Was Wolfram disappointed? Nope. "What I'm trying to do is make a new kind of science, not win a Nobel prize," he says. To show that his ideas are starting to catch on, he points to a steadily growing stream of scientific papers "following up on NKS." The number of papers is climbing toward 1,000, with roughly 15 cropping up every week in peer-reviewed journals.

Since finishing his book, Wolfram, who turned 46 in August, has been developing new and more advanced algorithmic tools for Mathematica while also pondering the almost limitless applications he sees for NKS. "Look at almost any area -- nanotechnology or drug design or network routing or all sorts of other things -- and NKS can provide fascinating insights and new technologies."

One that has just emerged is dubbed WolframTones. It's an NKS program on a Web site (http://tones.wolfram.com) that people can use to create unique ring tones for cell phones.
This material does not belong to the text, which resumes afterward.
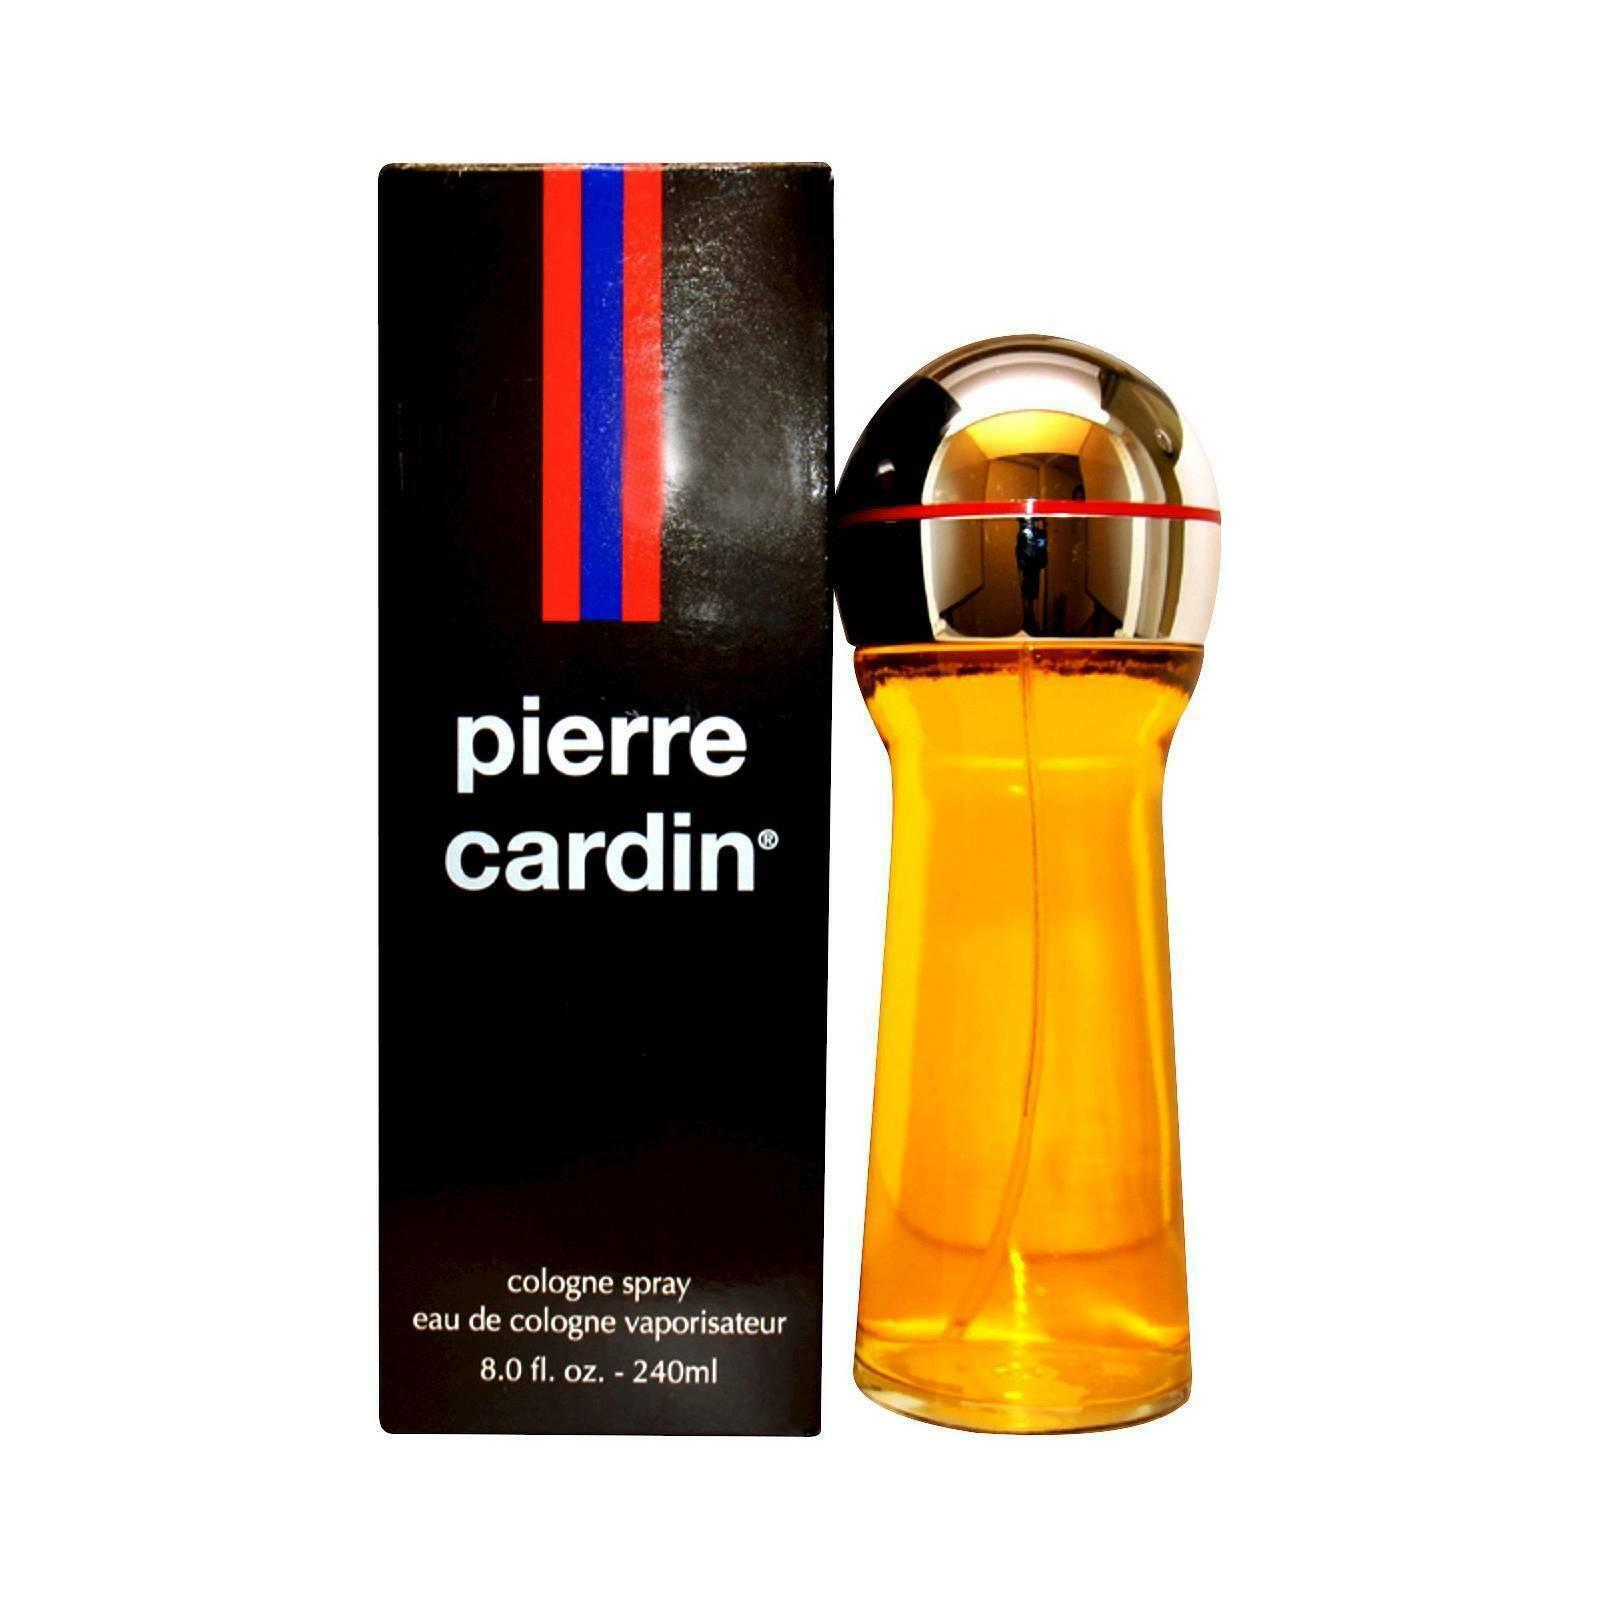 7143de8e17e5 Pierre Cardin Cologne Spray 240ml
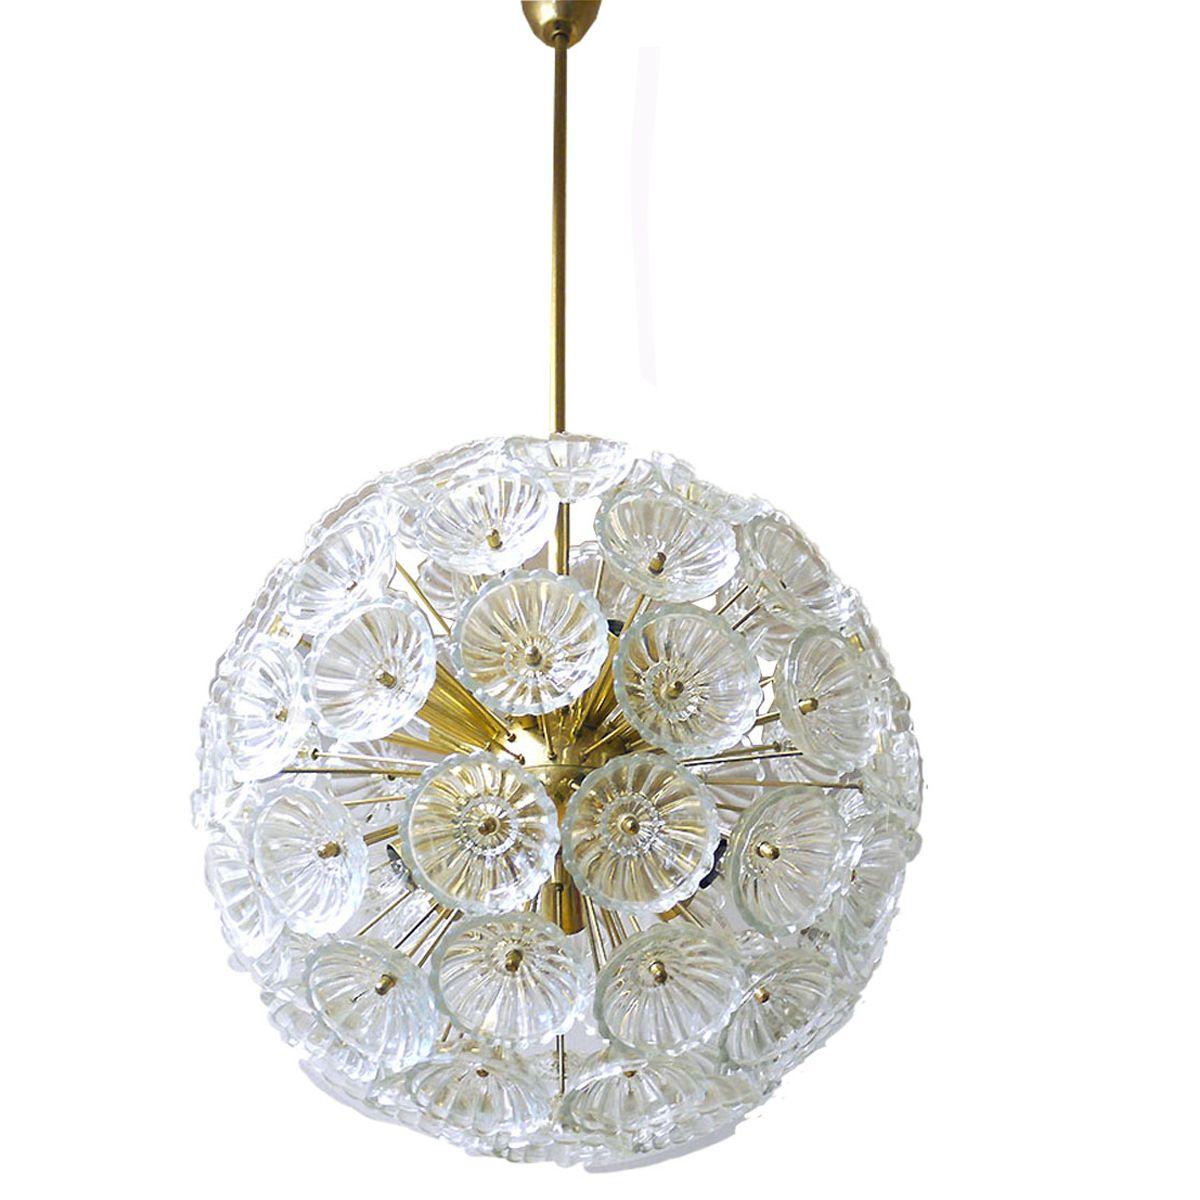 Sputnik christmas ornaments - Mid Century German Starburst Sputnik Chandelier With 79 Glass Flowers 1965

WolframTones was "almost frivolously conceived," the physicist admits: He wanted his own cell phone to have a distinctive ring and his program worked better than expected.

The next revision of Mathematica won't be the least bit frivolous, though. "It will end up being the biggest change since version 1," Wolfram declares, because it will "go incredibly much farther. I myself need the things we're building to go to the next level of NKS." He hopes to discover the program that runs the universe -- meaning the entire universe and everything in it. He's betting it will be an astonishingly simple program, like all the others in NKS: probably just a handful of lines of Mathematica code.